Nice new selections. And holy crap, the very first resurgence of the Necrons in the 41st millennium is being put on paper. Thank you James Swallow.


----------



## Baron Spikey (Mar 26, 2008)

Chaosveteran said:


> BAH!!! Not ANOTHER audio !!! BL - stop with the audio and print the books!


Erm, they have. Now it's being released in audio book version as well.


----------



## darkreever (Apr 3, 2008)

If by that your implying the necrons have yet to appear in a book to date, at least three novels would stand to prove you wrong in that regard.


----------



## Child-of-the-Emperor (Feb 22, 2009)

In regards to _Hammer and Anvil_ by James Swallow. Im sure some of you will already know this but to elaborate on Sanctuary 101. It was the first recorded Imperial contact with the Necrons which resulted in the complete massacre of the Adeptus Sororitas presence on the planet. Sounds like a fairly open and shut case. 

Looking forward to _Battle of the Fang_, _Atlas Infernal_, and _Sons of Ellyrion_. Finally gives me an excuse to read _Defenders of Ulthuan_ which has been sat on my shelf for far too long!



darkreever said:


> If by that your implying the necrons have yet to appear in a book to date, at least three novels would stand to prove you wrong in that regard.


No I think he means their first recorded contact with the Imperium.


----------



## Chaosveteran (Aug 29, 2010)

Lord of the Night said:


> Nice new selections. And holy crap, the very first resurgence of the Necrons in the 41st millennium is being put on paper. Thank you James Swallow.


If I remember correctly, the Necrons made quite an appearance in the Souldrinkers Hellforged?
?
By the way, does Hammer and Aanvil continue from Faith and Fire?


----------



## Lord of the Night (Nov 18, 2009)

Child-of-the-Emperor said:


> No I think he means their first recorded contact with the Imperium.


Yes actually I do.


----------



## Child-of-the-Emperor (Feb 22, 2009)

Thought so, I got your back.


----------



## Lord of the Night (Nov 18, 2009)

Child-of-the-Emperor said:


> Thought so, I got your back.


Hehe thanks CotE :grin:

In regards to the new releases im looking forward to _Atlas Infernal_ the most. Ahriman is one of my favourite, possibly my all time favourite, special character of 40k, and any chance to read him is a treat for me.

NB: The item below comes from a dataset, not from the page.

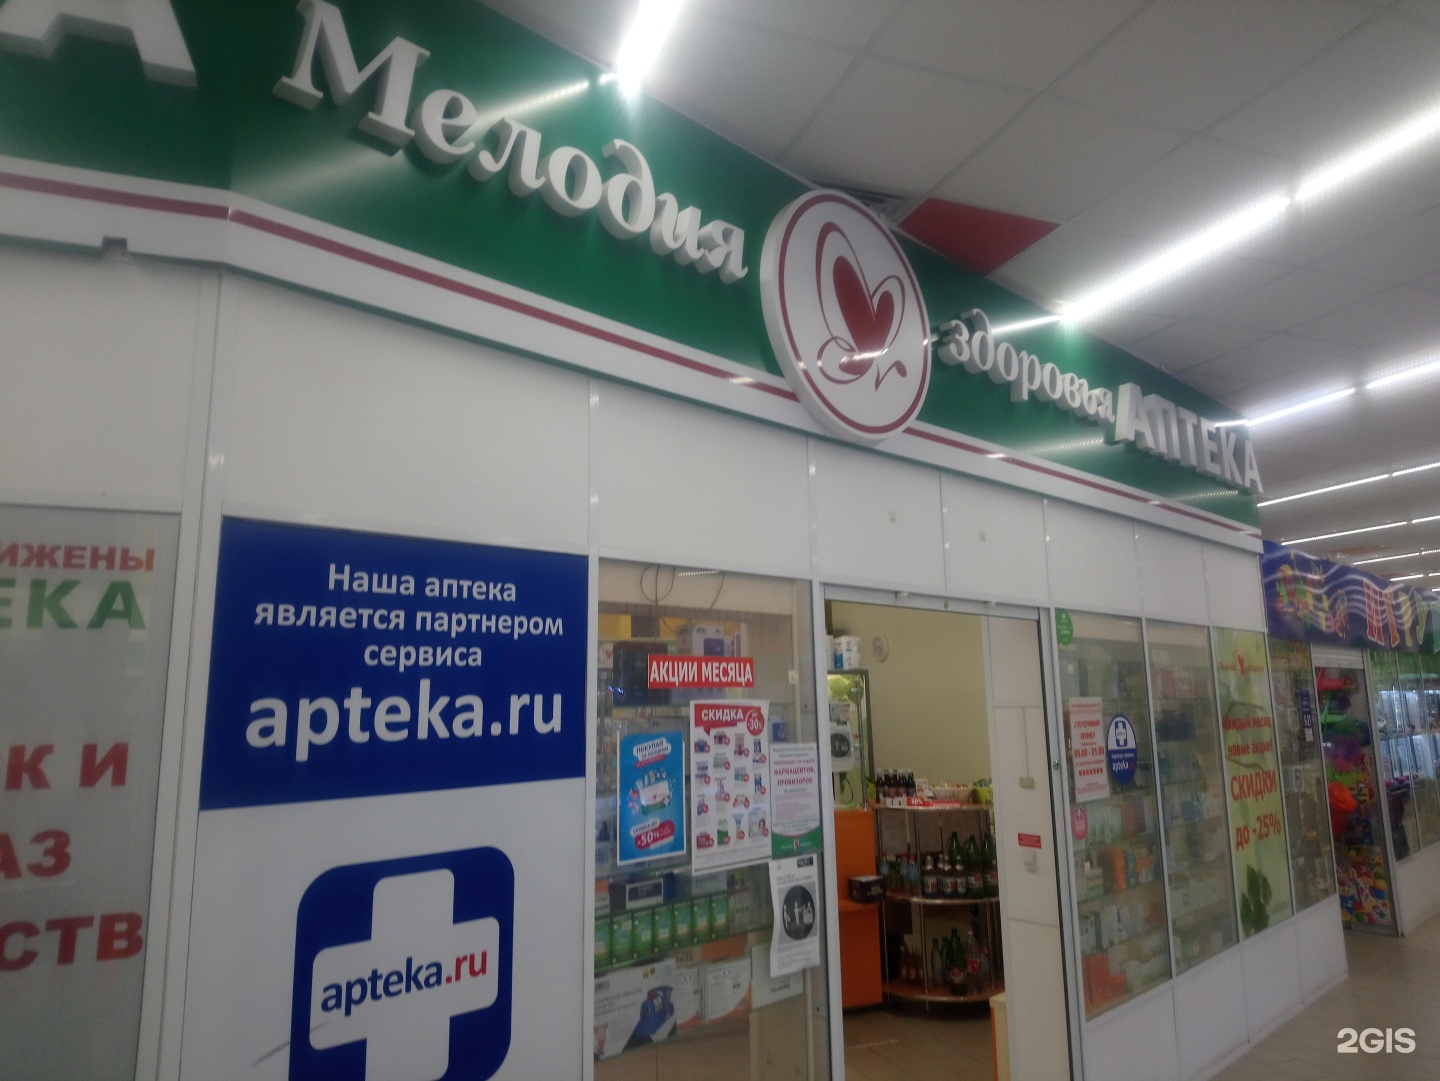 Мелодия здоровья аптека. Телефон аптечной сети мелодия здоровья. Мелодия здоровья аптечная сеть Новосибирск телефон. Аптека мелодия здоровья логотип.

But a novel where he is the central bad guy?, it could almost be my second birthday, and considering that _Blood Reaver_ is being released at my actual birthday... its gonna be a good year.

Im also looking forward to _Sigvald_, _Hammer and Anvil_ and _Path of the Seer_. I just hope Thirianna gets a happier ending then Korlandril did.


----------



## Commissar Ploss (Feb 29, 2008)

seems i caught them mid update. then went to bed. lol It's fun when you catch them red-handed like that. I posted up what was available on their site at the time. great job following up boys! *sniff* i'm so proud... :cray: I'm repping everyone prior to this post. :clapping: cause i'm cool like that. lol

CP


----------



## Lord of the Night (Nov 18, 2009)

Thanks Commissar :grin:. The Lord of the Night always has the newest releases, new info and whatever images I can drudge up. I may have to start my own topic, Updates from LotN.


----------



## Commissar Ploss (Feb 29, 2008)

Lord of the Night said:


> Thanks Commissar :grin:. The Lord of the Night always has the newest releases, new info and whatever images I can drudge up. I may have to start my own topic, Updates from LotN.


don't overdo it now. lol

i'm just in a repping mood. lol


----------



## bobss (May 18, 2008)

Commissar Ploss said:


> don't overdo it now. lol
> 
> i'm just in a repping mood. lol


That just means he -rather subtley- has the hotts for you, Lord of the Night. You know Commissars? Plenty of leather, dominance?

Going from one horrific, vomit inducing point to the other; any news on a sequel to _Sons of Dorn_? The book was puerille and as monsterously cliched as they were, I wish to see what happens to the three protagonists of the book. Yes, I know, heresy of the sickliest kind... *Awaits the inevitable hail of abuse* :laugh:


----------



## Lord of the Night (Nov 18, 2009)

No word on that but since Roberson's upcoming book _Dawn of War 2: Retribution_, has been cancelled, I doubt any _Sons of Dorn_ sequel is in the works.


----------



## darkreever (Apr 3, 2008)

Just because they are canceling one book does not mean the fate of another book or books is set in stone or anything. Perhaps they simply do not wish to pursue retribution at this time, I mean is there a novel for the first of the expansions that might lead to helping events in retribution make sense?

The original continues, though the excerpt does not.